Eml- mht and Msg to Html conversion

Hi,

I am converting above mentioned file formats to html using Aspose.Words.dll. Please guide me how to remove all the hyper links from HTML file. and also let me know how to fix the below issue.

The HTML file generated from MHT file contains the "Subject:
Attachments:ATT00001.vnd.ms-officetheme" above the actual message. Please let me know the reason for this and also provide me the solution to avoid these extra line's.

Please find the sample file and output file from the attachment.

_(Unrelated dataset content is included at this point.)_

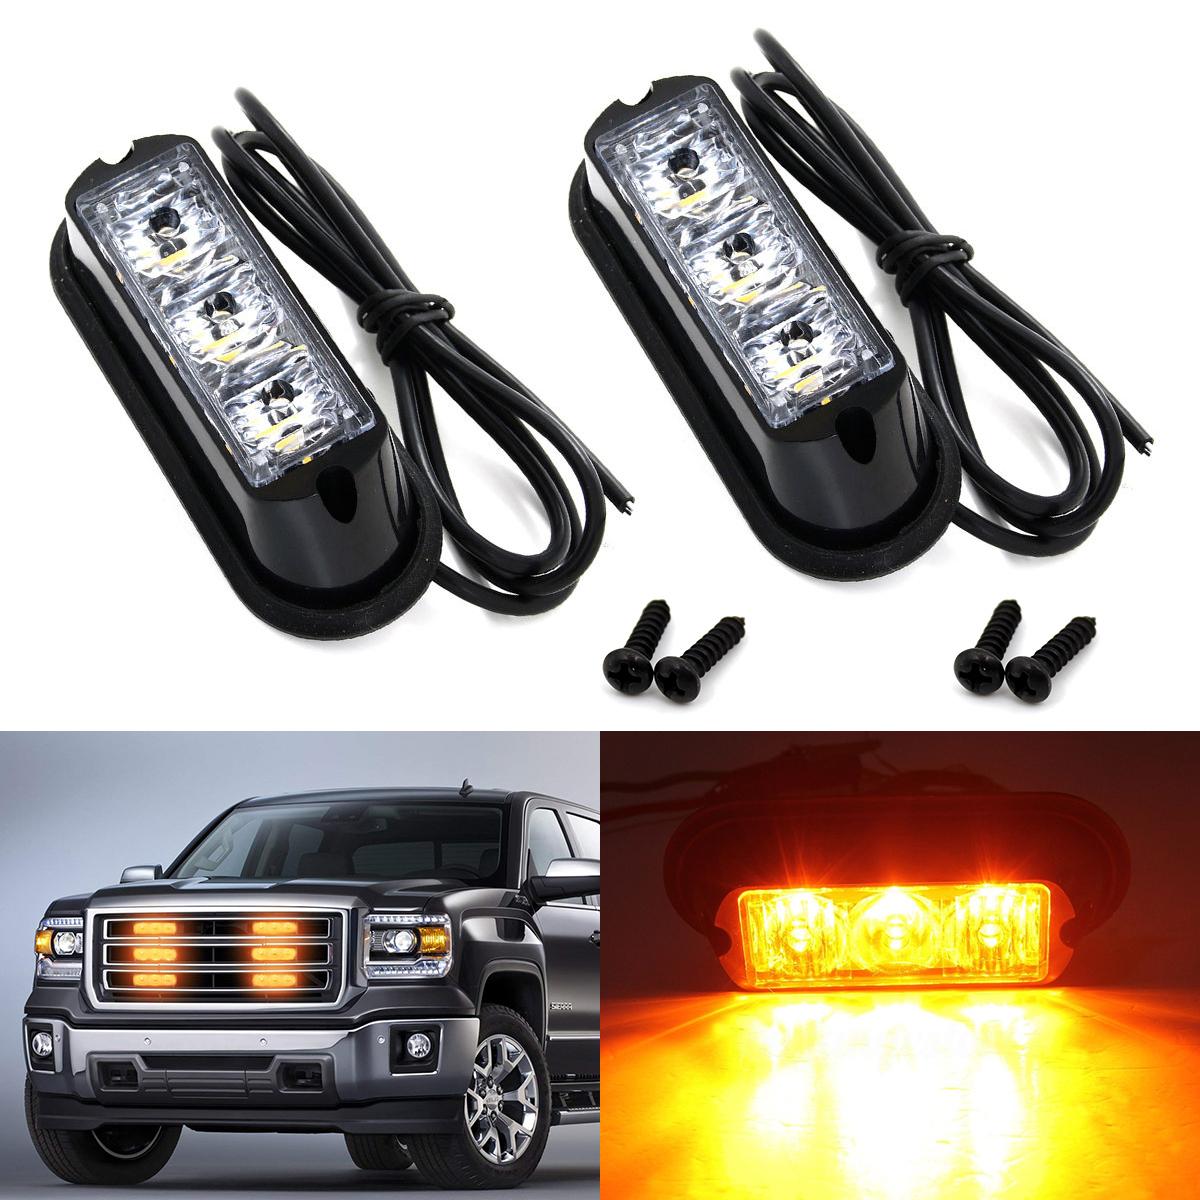 2x 10 LED Flashing Grille Deck Headlight Strobe Warning Flashing Light Amber

code i am using for conversion:

//load email message into an instance of MailMessage var message = Aspose.Email.Mail.MailMessage.Load("C:\\temp\\message.mht");
//create an instance of MemoryStream to store the intermediate data (mhtml) var stream = new System.IO.MemoryStream();
//convert the email message to MHTML and store in MemoryStream message.Save(stream, MailMessageSaveType.MHtmlFromat);
//create an instance of LoadOptions and set the LoadFormat to Mhtml var loadOptions = new Aspose.Words.LoadOptions(); loadOptions.LoadFormat = LoadFormat.Mhtml;
//create an instance of Document and load the MTHML from MemoryStream var document = new Aspose.Words.Document(stream, loadOptions);
//create an instance of HtmlSaveOptions and set the SaveFormat to Html var saveOptions = new Aspose.Words.Saving.HtmlSaveOptions(SaveFormat.Html);
//save the document to Html file document.Save("C:\\temp\\output.html", saveOptions);

Please find the below link for your reference.

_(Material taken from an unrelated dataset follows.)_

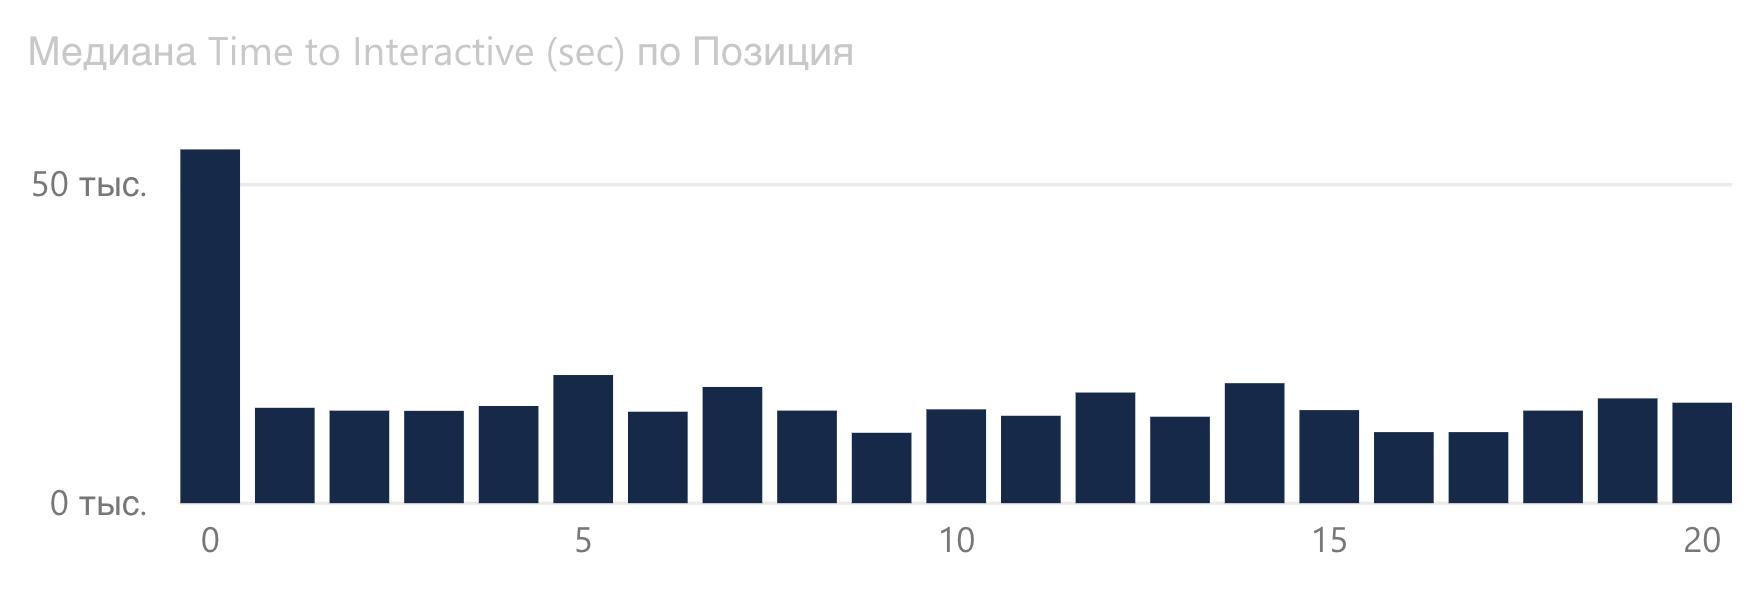 График зависимости Time to Interactive от позиции Google в сфере недвижимости.

http://www.aspose.com/community/forums/354291/eml-to-html-file-conversion/showthread.aspx#354291

Thanks,

Dhivya

Hi
Dhivya,


Thanks for your inquiry. First of all, please note that, with Aspose.Words you can save MHT/MHTML files to HTML format directly. Secondly, I was unable to reproduce the second part of your request i.e. "The HTML file generated from MHT file contains the “Subject: Attachments:” I used the following code snippet:

LoadOptions loadOptions = new LoadOptions();
loadOptions.LoadFormat = LoadFormat.Mhtml;
Document document = new Document(@“c:\test\in - Copy.mht”, loadOptions);

HtmlSaveOptions saveOptions = new HtmlSaveOptions(SaveFormat.Html);
document.Save(@“c:\test\output.html”, saveOptions);

Morover, I am afraid, I couldn’t find any hyperlinks to remove in the generated HTML document. Please clarify what do you mean by “how to remove all the hyper links from HTML file”? Also, I have attached the HTML file i.e. generated on my side here for your reference.

Please let me know if I can be of any further assistance.

Best Regards,
Hi Dhivya

Thanks for your inquiry.
Moreover you can remove Hyperlinks from Word Document object as following:
public static bool removeAllHyperlinks(Aspose.Words.Document wordDoc)
{
try {
ArrayList nodesToRemove = new ArrayList();

// get all FieldStart nodes in a document

NodeCollection fieldStarts = wordDoc.GetChildNodes(NodeType.FieldStart, true);

// iterate through document field starts collection

//FieldStart fieldStart = default(FieldStart);
foreach ( FieldStart fieldStart in fieldStarts) {
// if field start belongs to hyperlink

if (fieldStart.FieldType == Aspose.Words.Fields.FieldType.FieldHyperlink) {
// then mark for removal all nodes that are between field start and field end

Node aNode = fieldStart;

while (aNode.NodeType != NodeType.FieldEnd) {
nodesToRemove.Add(aNode);

aNode = aNode.NextSibling;
}
nodesToRemove.Add(aNode);
}
}
// remove all nodes that are part of hyperlink fields

//Node node = default(Node);

foreach (Node node in nodesToRemove)
{
node.Remove();
}

return True;

} catch (Exception ex) {
return false;
}
}

In case of any ambiguity, please let me know.

Hi,

The output file does not contains the images. Please let me know how to extract entire contents with image from mht files.

Thanks,

Dhivya

Hi Dhivya,


Thanks for you inquiry. While using the latest version of Aspose.Words i.e. 10.8.0, i managed to reproduce this issue on my side. We have logged this issue in our bug tracking system. You will be notified as soon as it is resolved.

Note:
Issue is red cross images and not about hyperlinks removal.

The issues you have found earlier (filed as WORDSNET-5723) have been fixed in this .NET update and this Java update.


This message was posted using Notification2Forum from Downloads module by aspose.notifier.